The second task on the other hand, can be seen as performing entity insertion. Specifically, when the source page contains appropriate anchor texts for the new link, these anchor texts become the candidate positions for the new link; all that remains to do is to ask a human which anchor text is best-suited. Things become more interesting when the source contains no anchor text for the new link; here it is far less clear where to insert the link. In essence, we have found a topic that is not yet, but should be, mentioned in the source, and the task is not simply to decide which existing anchor text to use, but rather where in the page to insert a new anchor text. There are two key challenges in performing entity insertion:
- Absence of anchor text is not rare: Based on our empirical analysis, we found that cases where the anchor text is not yet present in the source article correspond to about 50% of the total number of entity insertions in Wikipedia articles. The distribution of entity insertions into 4 different insertion types from the months of May and June 2020 is shown in figure on the right.

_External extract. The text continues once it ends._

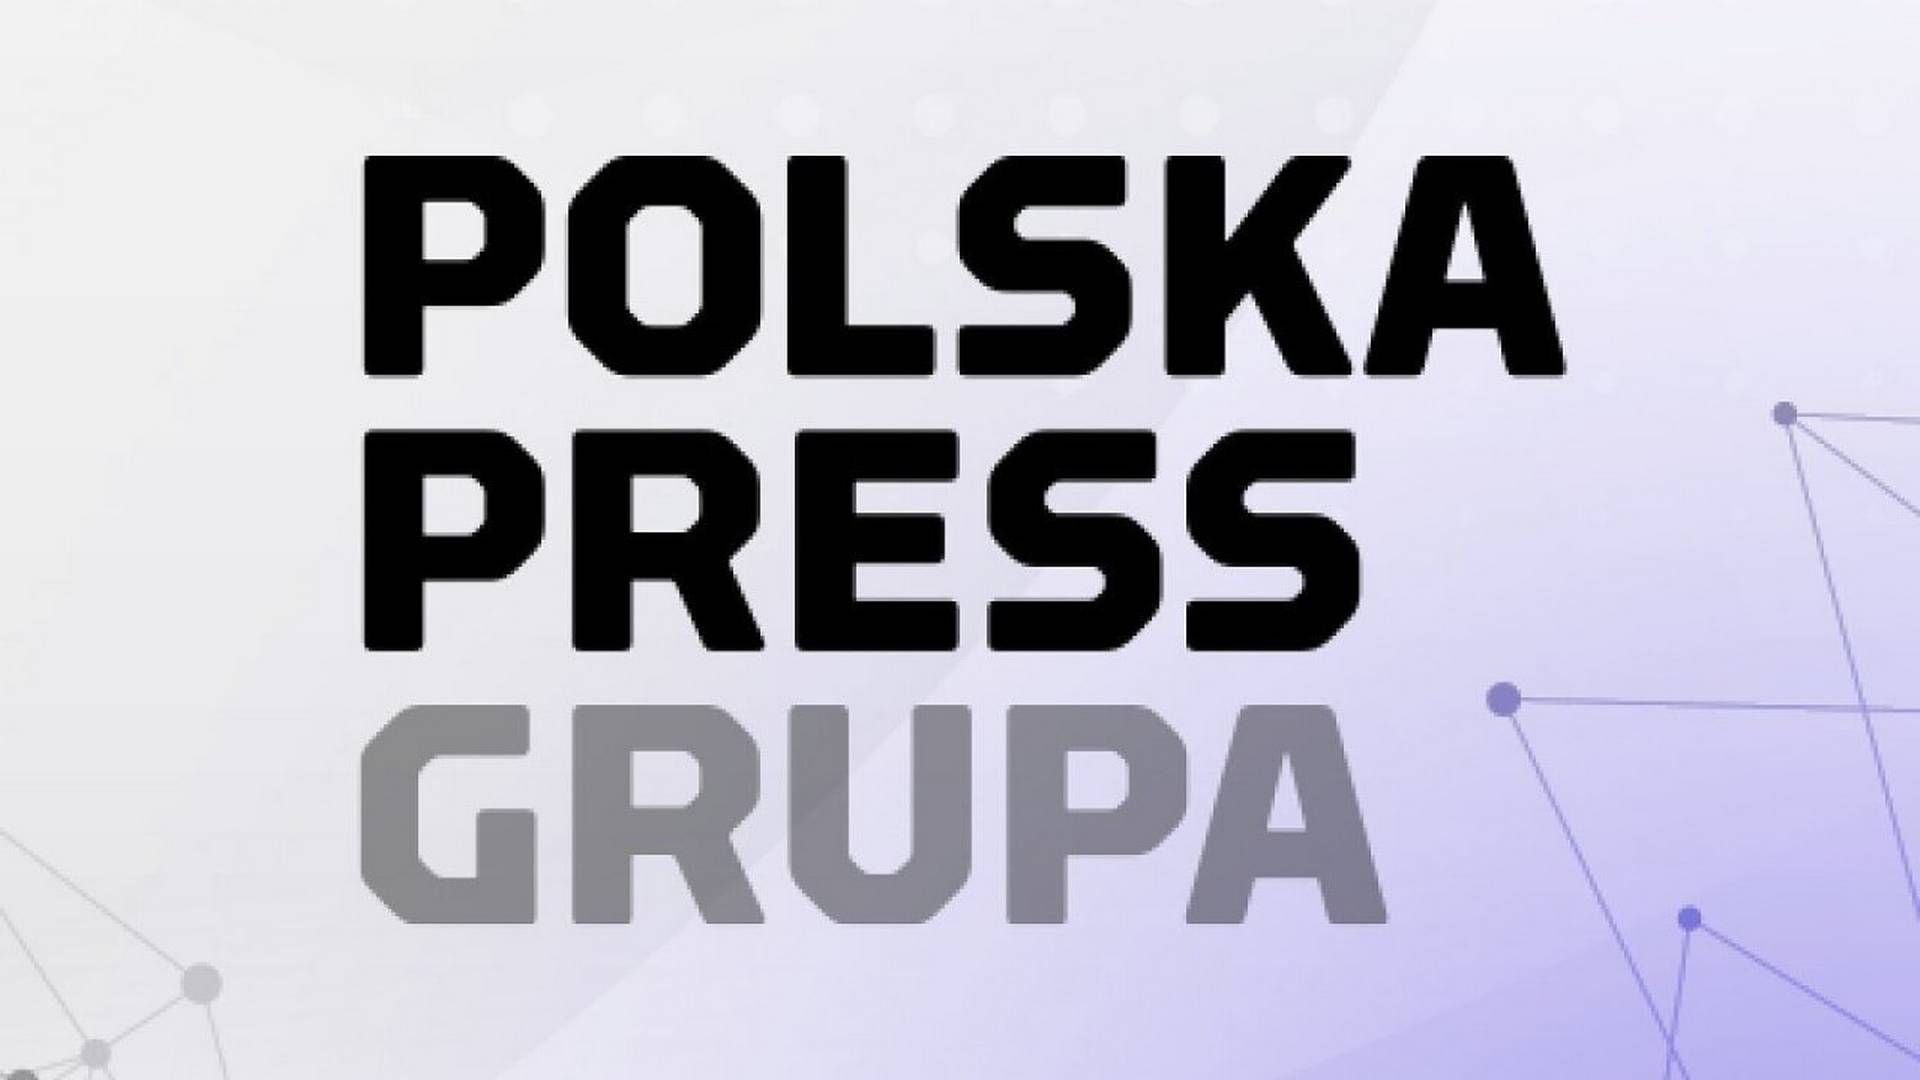 The Norwegian oil fund's Council on Ethics believes that press freedom in Poland may be under threat due to the acquisition of news publisher Polska Press. | Photo: Polska Press

- Majority of articles are long: About 80% of Wikipedia articles contain 100 sentences or more, thus, identifying insertion positions for new entities within a Wikipedia article is a daunting task requiring the editors to scan the entire article text, thereby increasing their cognitive load.
Here we develop an approach for mining human navigation traces to automatically find candidate positions for new links to be inserted in a webpage. Our intention is to demonstrate the effectiveness of our approach by evaluating it using Wikipedia server logs.
- Wikipedia has grown rapidly since its inception: from 163 articles in January 2001 to 57M articles in January 2022. Based on the statistics from 2022 , on an average approximately 20K new articles are added to Wikipedia every day. With about 100K edits per day, 25-30K edits lead to link insertions. Without doubt, this enormous growth has promoted the prosperity of Wikipedia enriching the content in terms of both quantity and variety. However, this growth also warrants continuous quality control towards maintaining the link structure, if not improving it, which at this scale either requires a humongous army of editors or powerful automatic methods that can aid editors in this task.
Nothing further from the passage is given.